The problem: Exact reproduction is required for the lines below starting at the line with "Fondode Pantalla De" and ending at the line with "Přírodní dřevěná krabička 15x15x6 cm", both included. No other lines, and no pictures.

Listed entries:

******************************

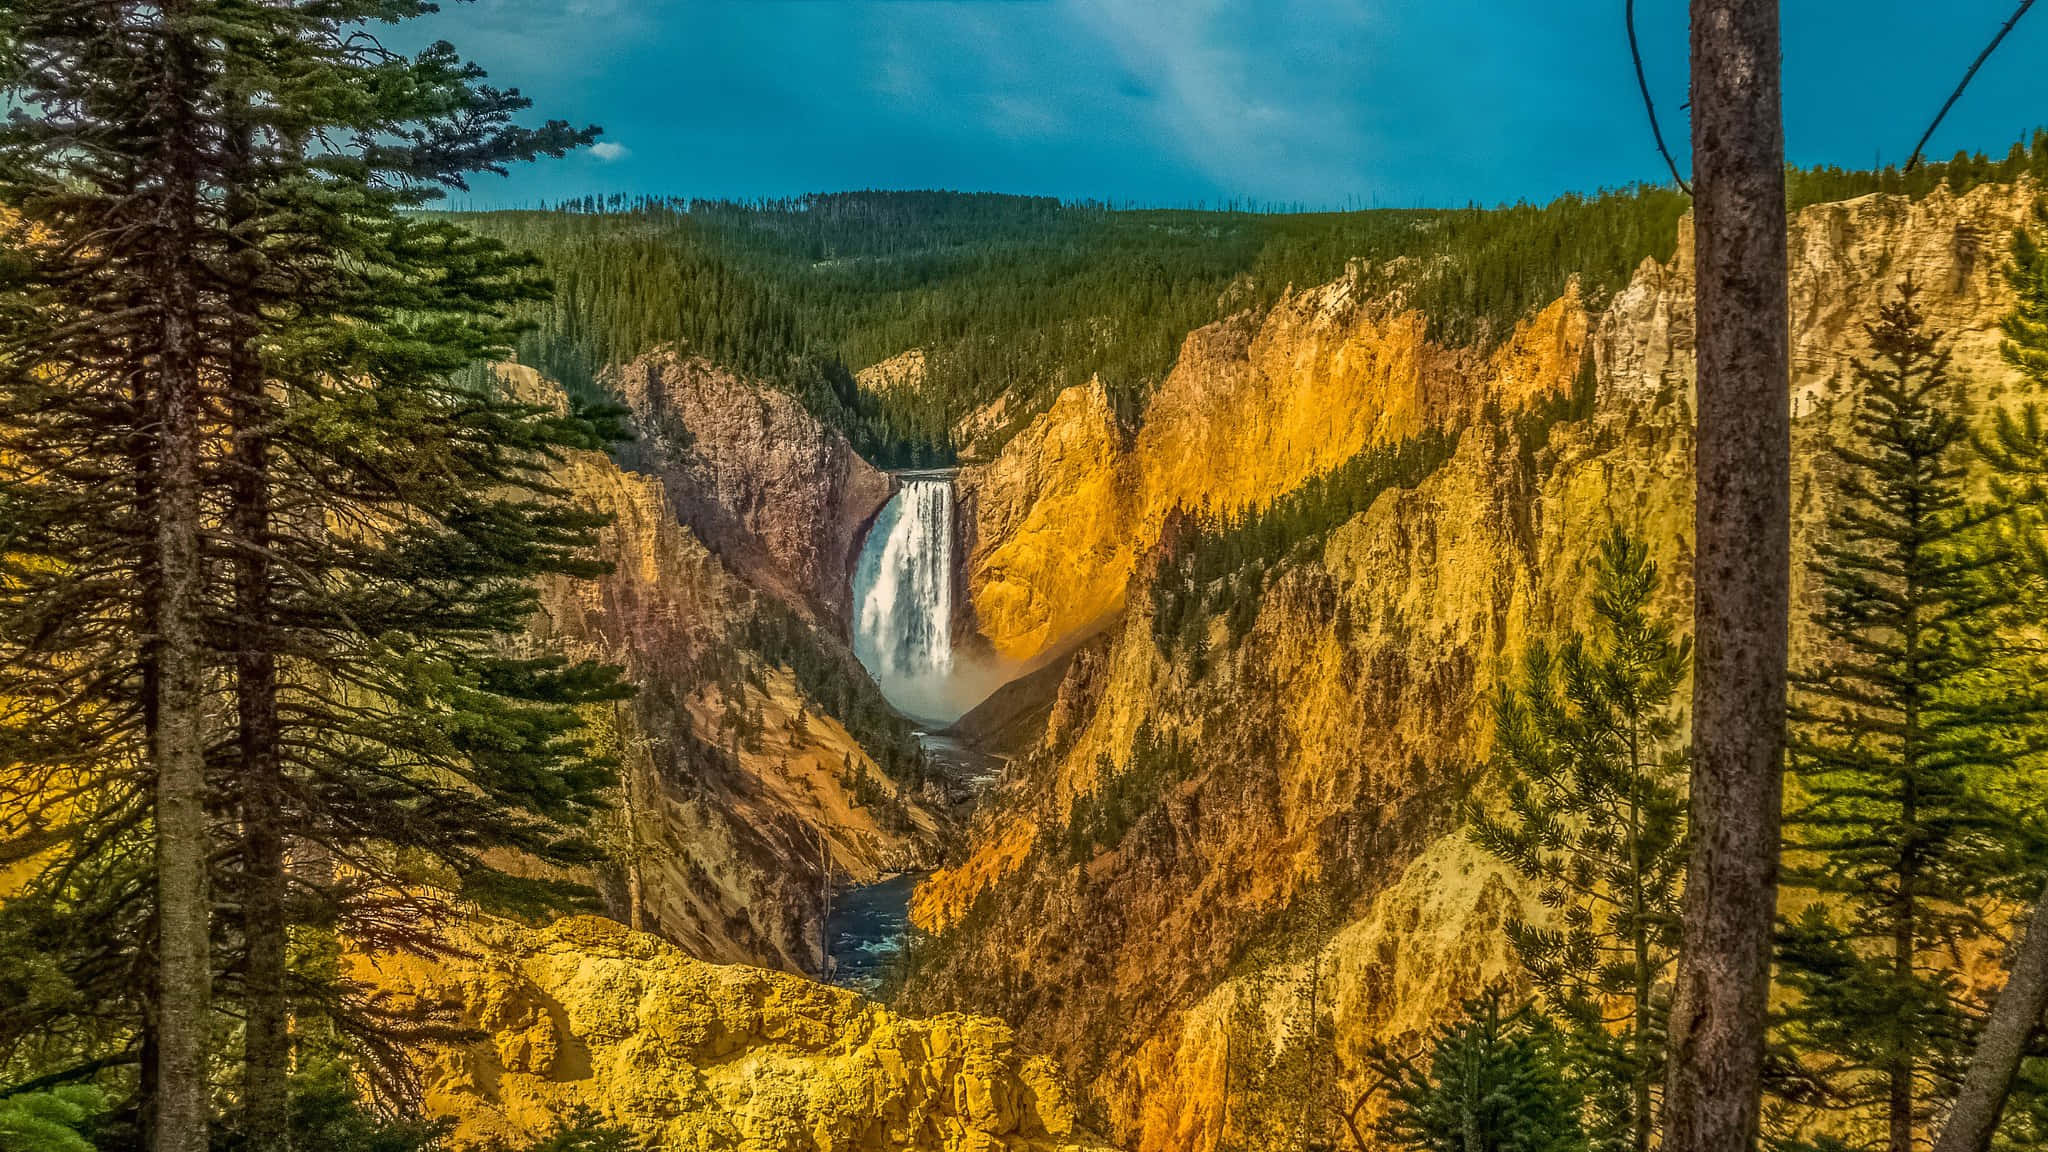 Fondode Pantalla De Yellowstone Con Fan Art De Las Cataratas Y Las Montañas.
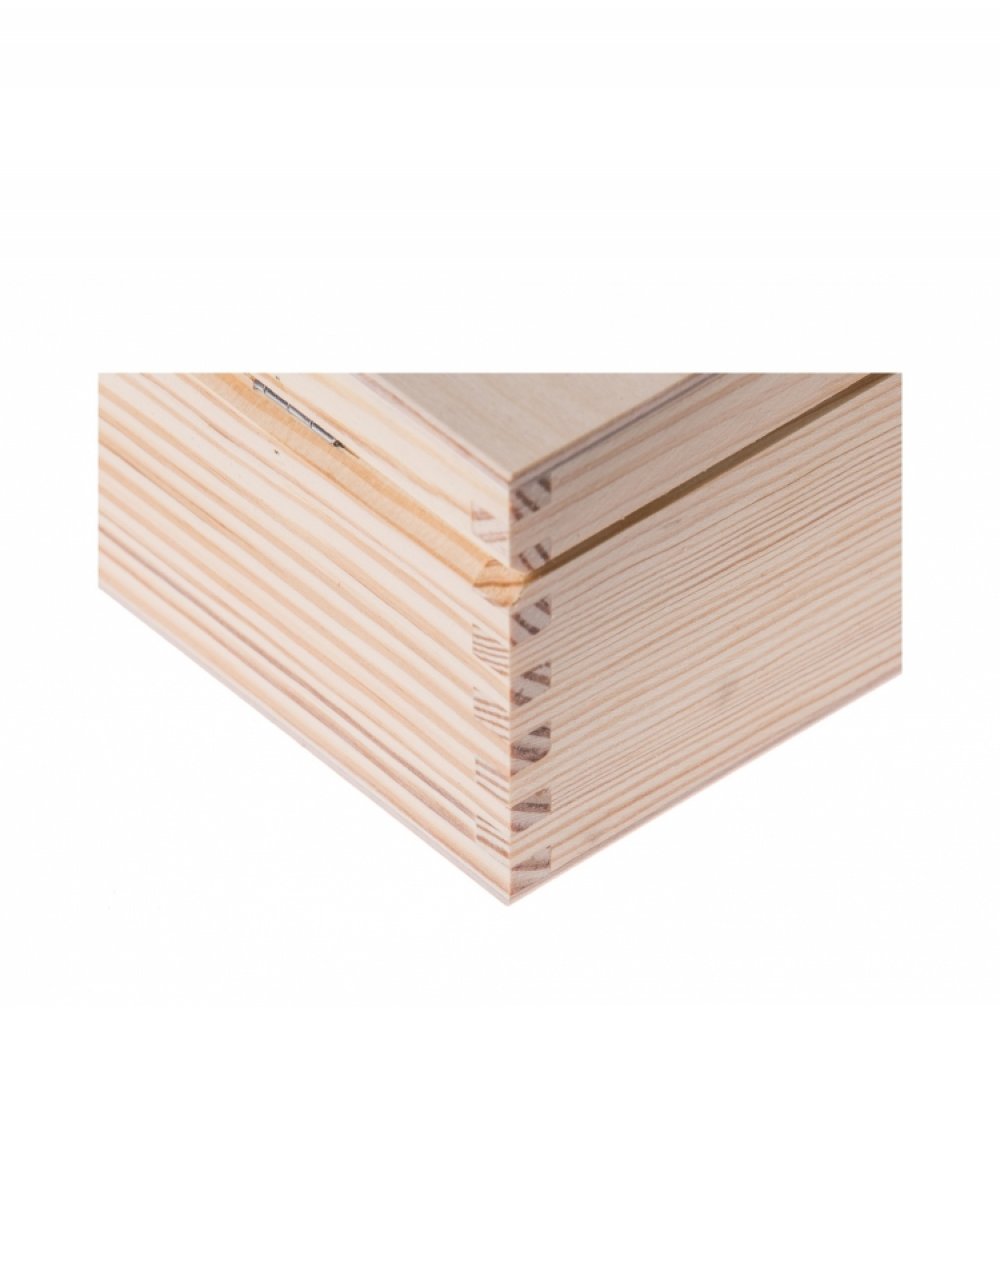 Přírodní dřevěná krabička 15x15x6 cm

******************************

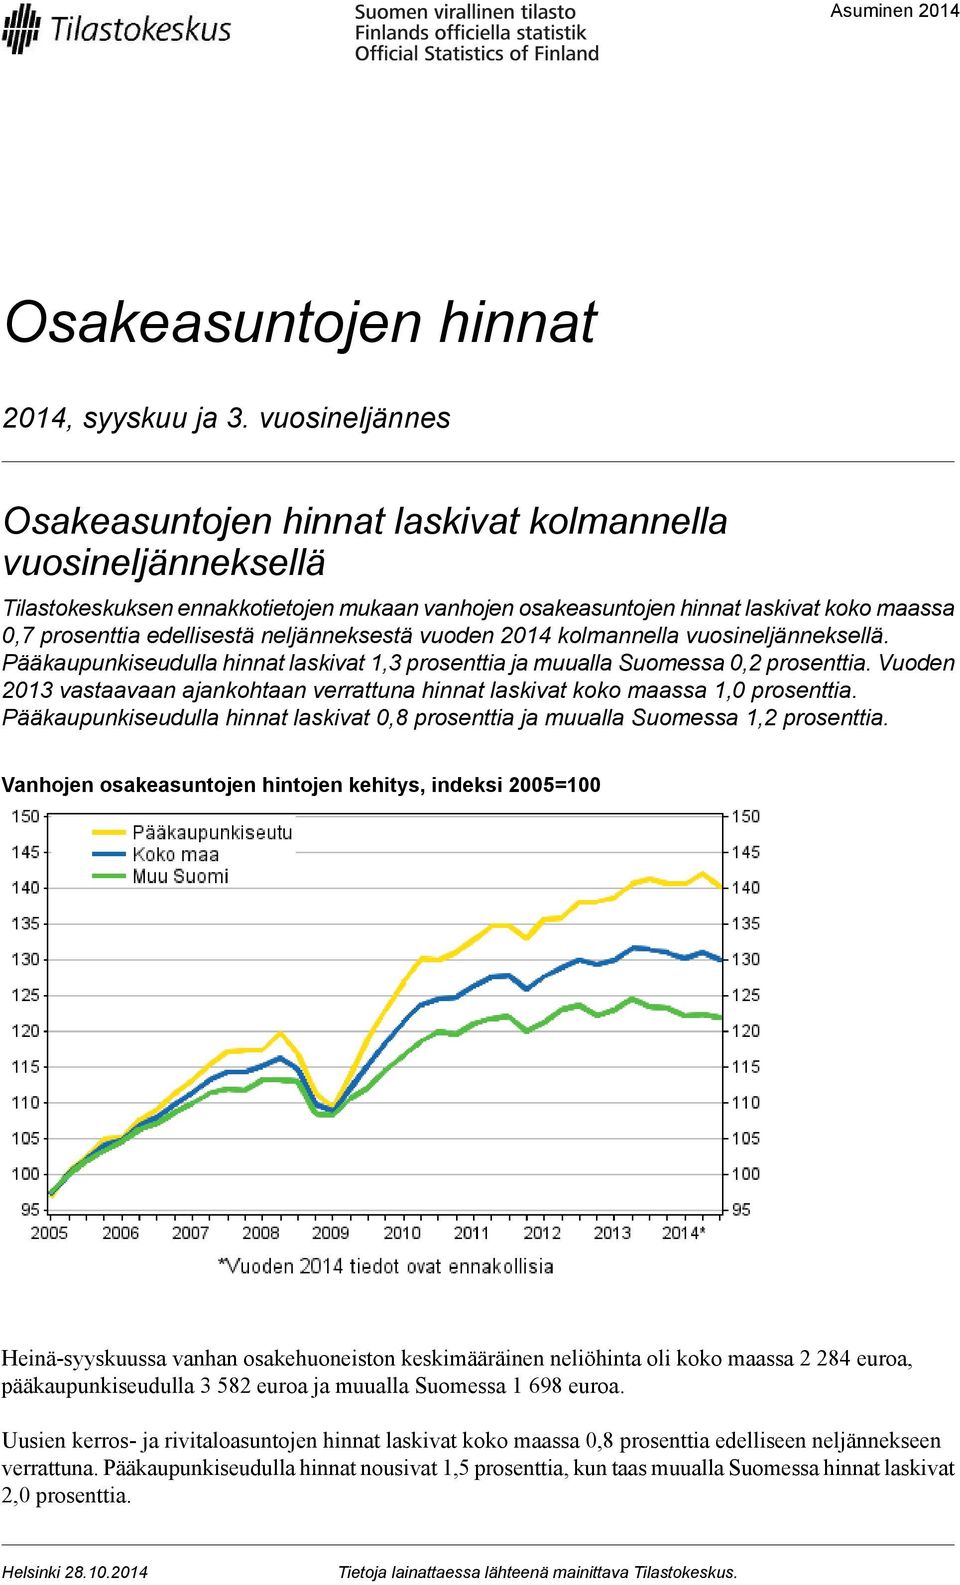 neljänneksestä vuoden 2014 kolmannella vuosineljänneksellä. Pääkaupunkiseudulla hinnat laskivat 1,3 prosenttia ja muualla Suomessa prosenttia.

******************************

Result of the exercise:
 Fondode Pantalla De Yellowstone Con Fan Art De Las Cataratas Y Las Montañas.
 Přírodní dřevěná krabička 15x15x6 cm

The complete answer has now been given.